Corewell Health William Beaumont University Hospital Royal Oak, MI
Nazli Begum Ozturk, MD1, Morgan Kiryakoza, MD2, Leandro Sierra, MD3, Justin K. Skrzynski, MD2 1Corewell Health William Beaumont University Hospital, Royal Oak, MI; 2Beaumont Health, Royal Oak, MI; 3Cleveland Clinic Foundation, Cleveland, OH
Introduction: Zieve’s syndrome describes a triad of non-immune hemolytic anemia, jaundice, and transient hyperlipidemia found in patients with alcohol-use disorder/alcohol-associated liver disease. This case involves a patient with suspected Zieve’s syndrome in the setting of severe alcohol-associated hepatitis.

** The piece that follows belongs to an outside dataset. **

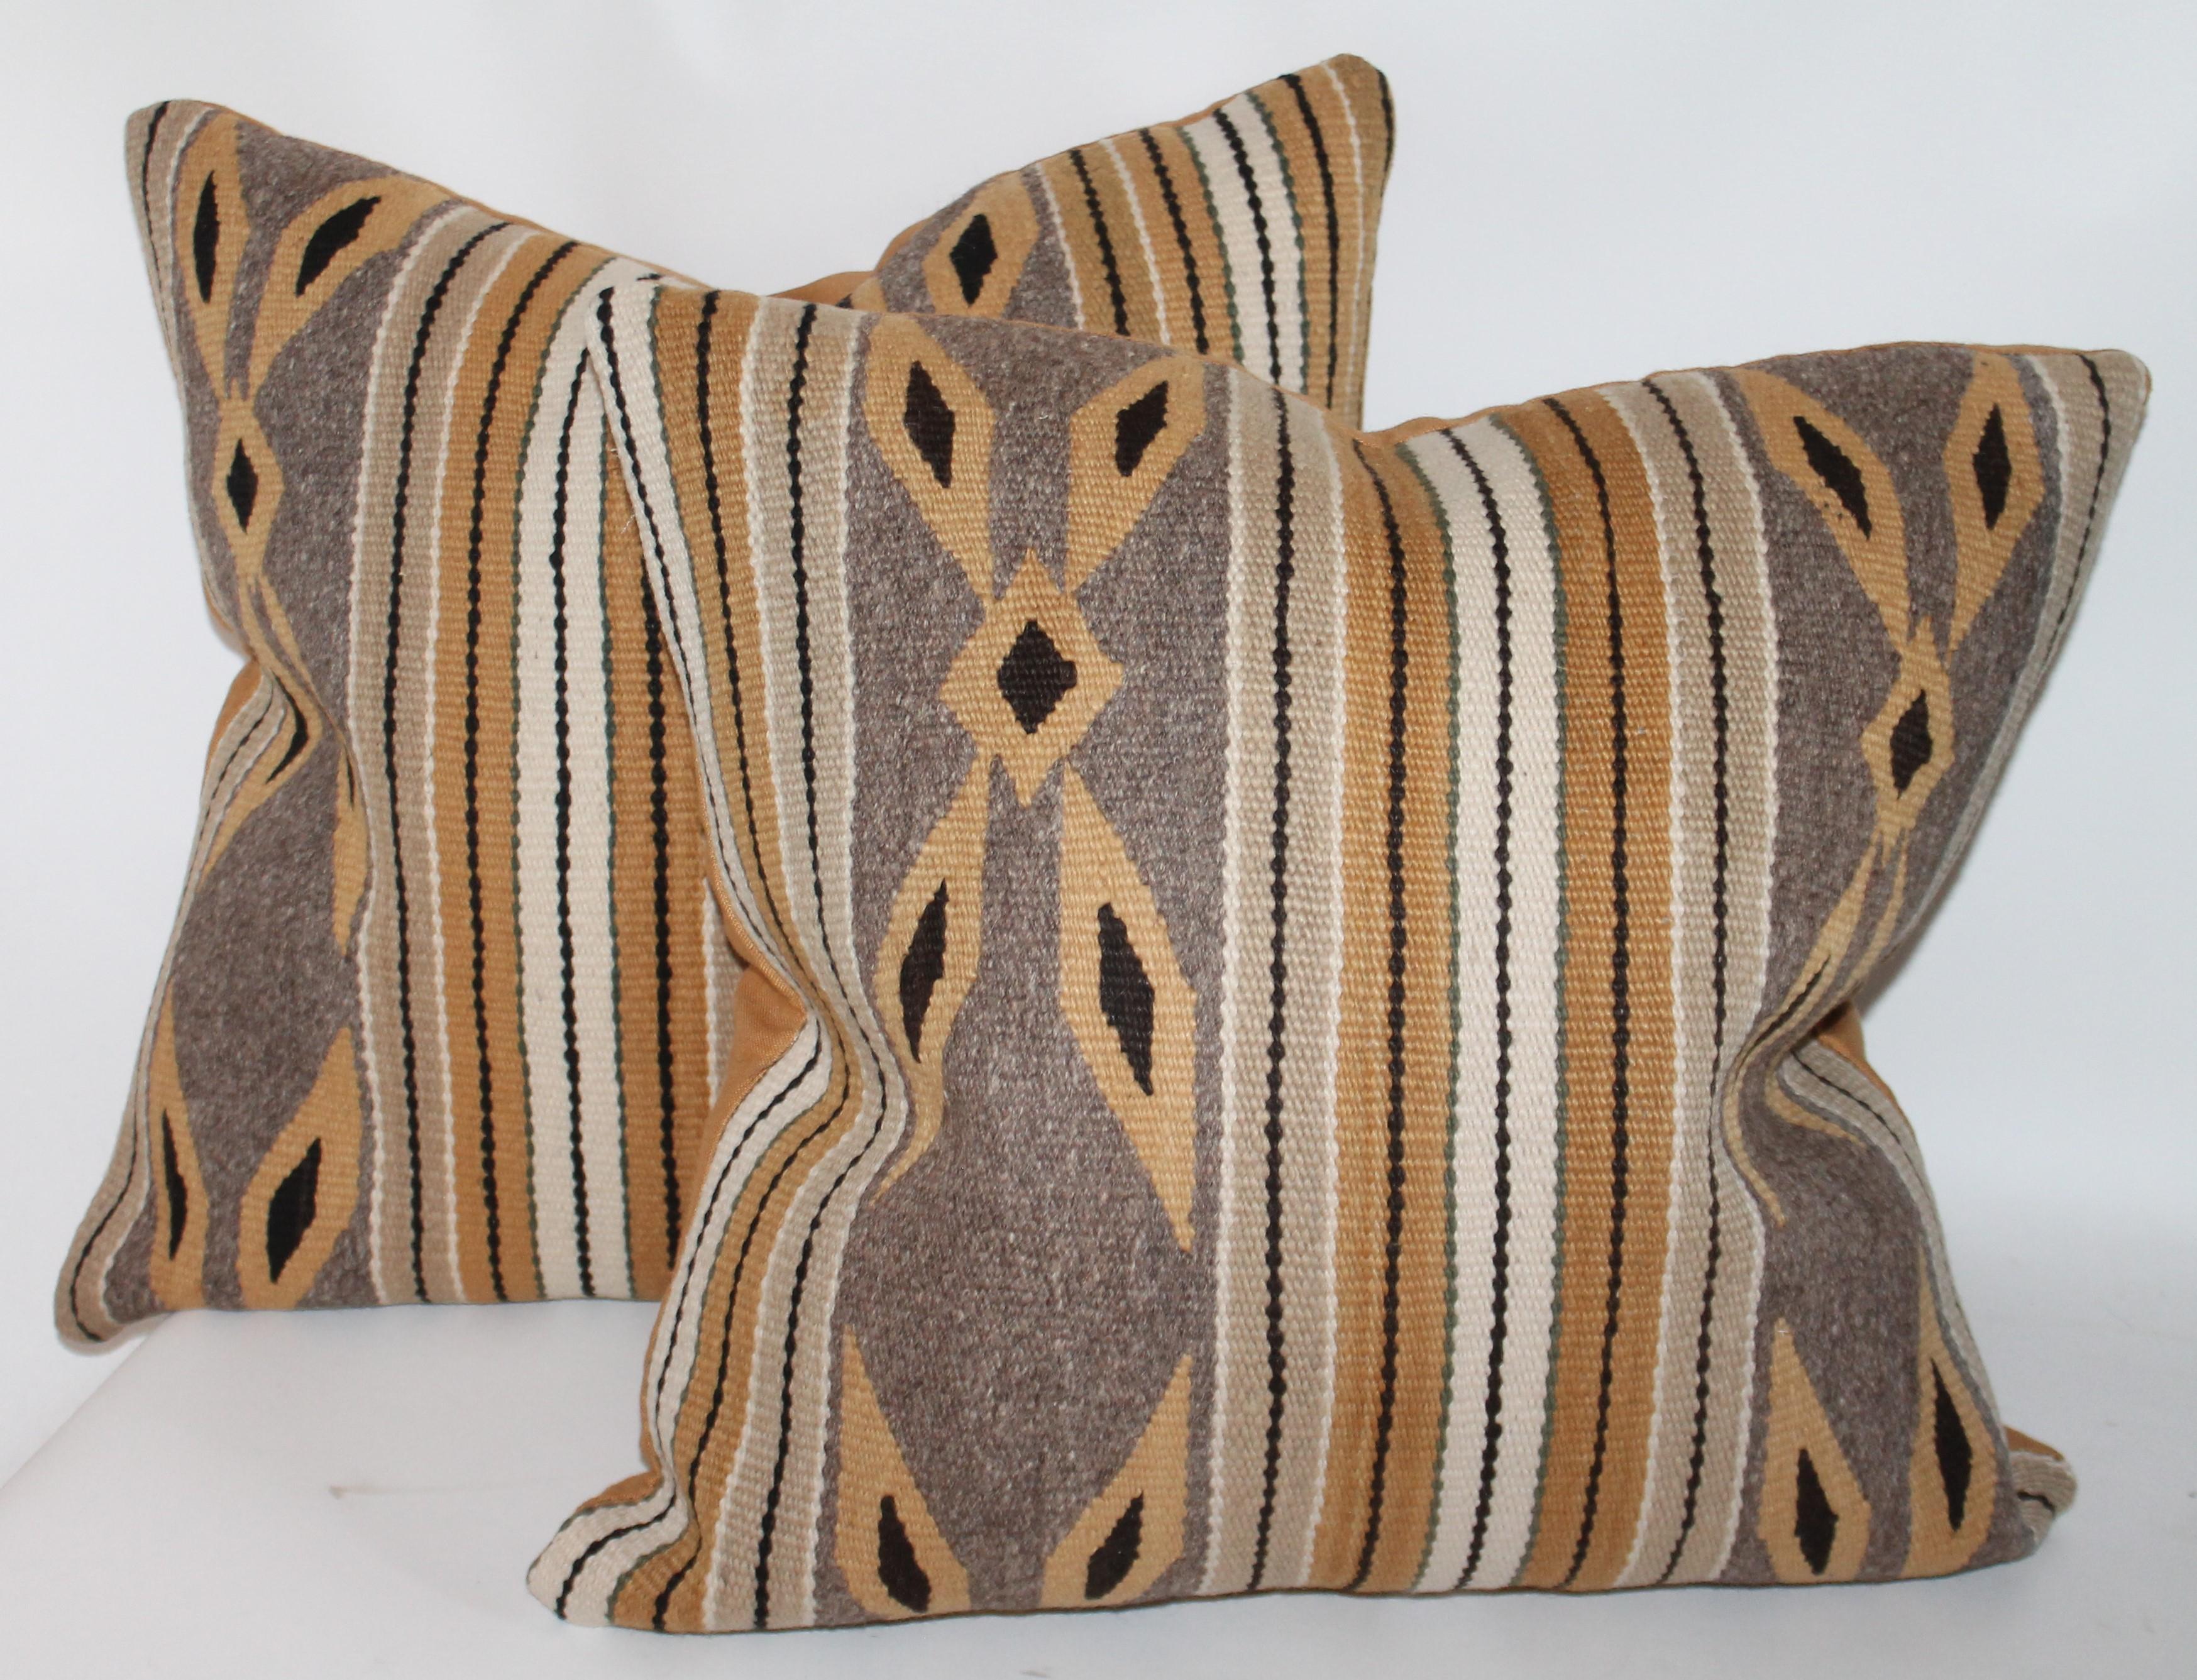 These fine Navajo Indian weaving pillows are sold as pairs. There are two pairs in stock. They are in fantastic condition.

Case Description/Methods: A 39-year-old female with alcohol-use disorder presented to the hospital with complaints of jaundice, lethargy, and confusion. On presentation, patient was anemic with a hemoglobin of 7.8 g/dL (12.1-15.0 g/dL), had ALP of 235 U/L (33-120 U/L), AST of 116 U/L (< 35 U/L), ALT of 41 (< 37 U/L) total bilirubin of 24.2 mg/dL (< 1.2mg/dL), direct bilirubin of >15 mg/dL (< 0.4 mg/dL). She was admitted due to concerns for alcohol-associated hepatitis. Her hospital course was complicated by frequent declines in hemoglobin requiring a total of six transfusions of packed red blood cells. No overt bleeding such as hematemesis or hematochezia was evident during these declines. Further hematologic workup revealed a normal glucose 6 phosphate dehydrogenase (G6PD), normal pyruvate kinase, elevated plasma hemoglobin of 150 mg/dL (< 30 mg/dL), decreased haptoglobin of < 8 mg/dL (40-250 mg/dL), elevated lactate dehydrogenase of 595 (100-240 U/L), and elevated reticulocyte count of 213 bil/L (21-100 bil/L). Direct Coombs Test was negative. The combination of these labs illustrated a picture of non-immune hemolytic anemia. Patient’s hospitalization was further complicated by the development of ascites and spontaneous bacterial peritonitis (SBP). Given the presence of SBP, corticosteroid therapy was not initiated for alcohol-associated hepatitis. Lipid panel remained within normal limits on two separate occasions. Vitamin E level was < 2.5 mg/L (5.5 – 17.0 mg/L). The patient was eventually discharged home with hospice and her hemoglobin levels remained stable after supportive blood transfusions during her stay.
Discussion: Zieve’s syndrome is an underdiagnosed cause of anemia in patients with alcohol-associated liver disease. There are multiple proposed mechanisms to explain the pathophysiology behind the red cell lysis seen in this disorder. One leading hypothesis suggests the red cell membrane becomes unstable due to vitamin E deficiency leading to disordered pyruvate kinase. Importance of early recognition of this syndrome is essential as treatment revolves around strict abstinence from alcohol.
Figure: The red cells show mild anisopoikilocytosis with a few echinocytes, occasional spherocytes, acanthocytes or schistocytes.
Disclosures:
Nazli Begum Ozturk indicated no relevant financial relationships.
Morgan Kiryakoza indicated no relevant financial relationships.
Leandro Sierra indicated no relevant financial relationships.
Justin Skrzynski indicated no relevant financial relationships.
Nazli Begum Ozturk, MD1, Morgan Kiryakoza, MD2, Leandro Sierra, MD3, Justin K. Skrzynski, MD2. P1290 - Alcohol-Associated Hepatitis and Concurrent Non-Immune Hemolytic Anemia, ACG 2024 Annual Scientific Meeting Abstracts. Philadelphia, PA: American College of Gastroenterology.